A dyadic view of rational convex sets

TL;DR

This paper explores the algebraic structure of convex sets in real vector spaces under the arithmetic mean operation, establishing conditions for their isomorphism based on automorphisms of the underlying affine space.

Contribution

It characterizes when convex subsets induce isomorphic algebraic structures via affine automorphisms, extending to barycentric algebras over subrings.

Findings

Isomorphism of groupoids corresponds to affine automorphisms of the space.

Results apply to convex sets of the same dimension with at least one bounded or over rationals.

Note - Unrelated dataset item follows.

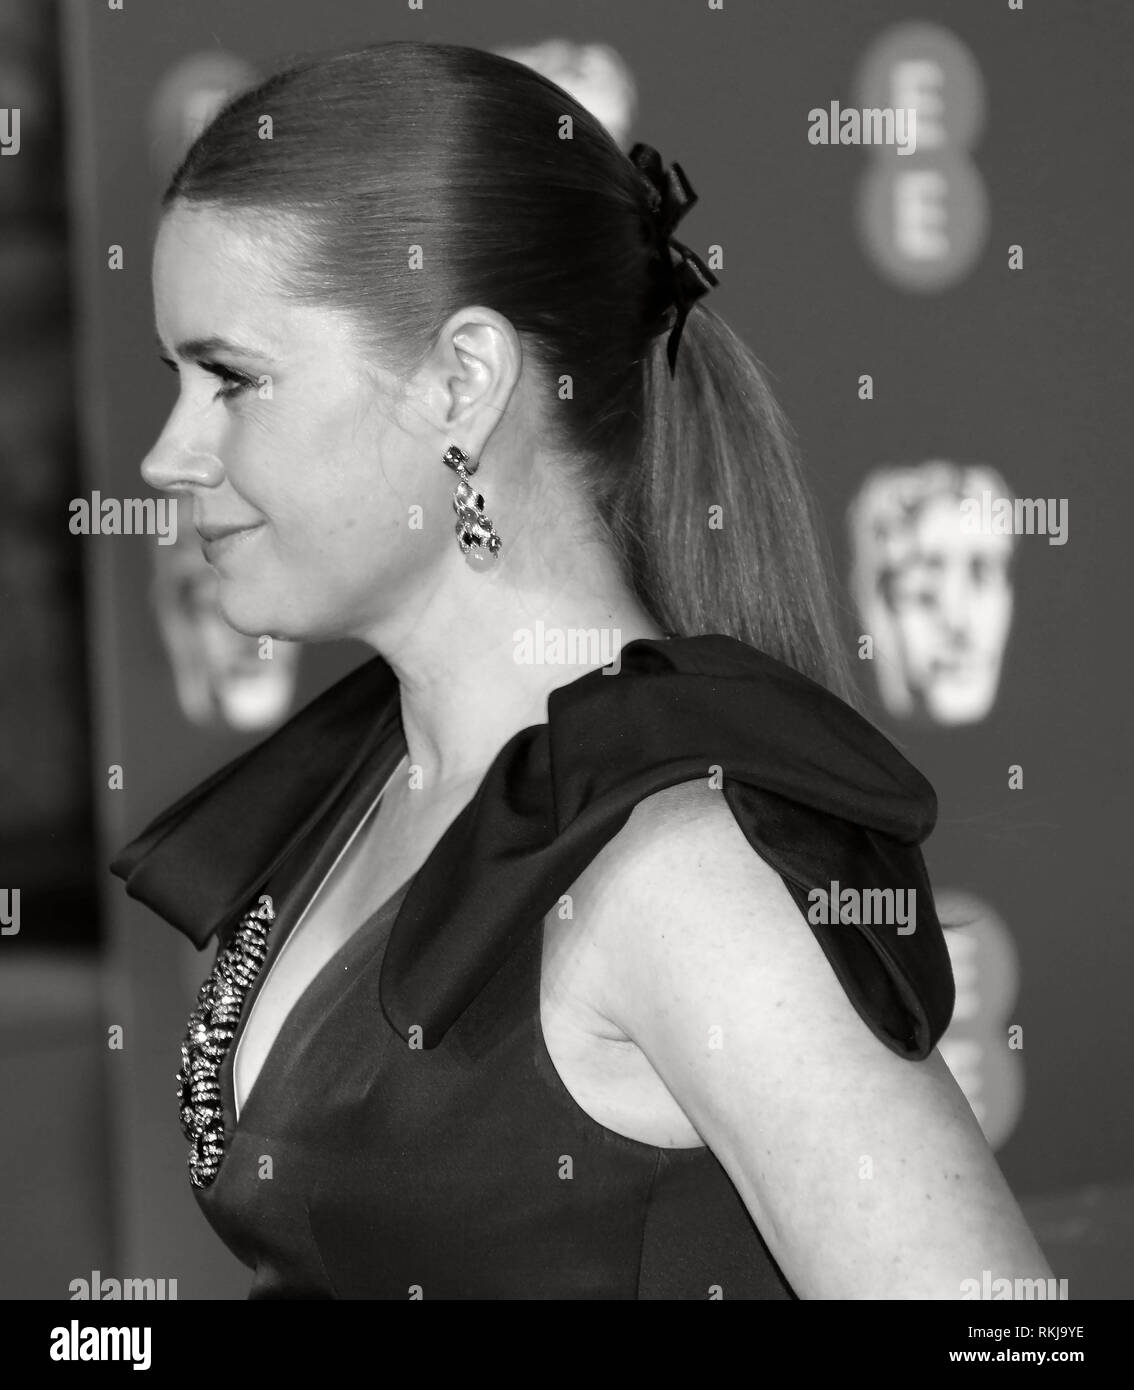 Feb 10, 2019 - Amy Adams an EE British Academy Film Awards 2019 - Alternative Ansicht, der Royal Albert Hall in London, Großbritannien Stockbild

Generalization to barycentric algebras over subrings of F.

Abstract

Let F be a subfield of the field R of real numbers. Equipped with the binary arithmetic mean operation, each convex subset C of F^n becomes a commutative binary mode, also called idempotent commutative medial (or entropic) groupoid. Let C and C' be convex subsets of F^n. Assume that they are of the same dimension and at least one of them is bounded, or F is the field of all rational numbers. We prove that the corresponding idempotent commutative medial groupoids are isomorphic iff the affine space F^n over F has an automorphism that maps C onto C'. We also prove a more general statement for the case when C,C'\subseteq F^n are considered barycentric algebras over a unital subring of F that is distinct from the ring of integers. A related result, for a subring of R instead of a subfield F, is given in \cite{rczgaroman2}.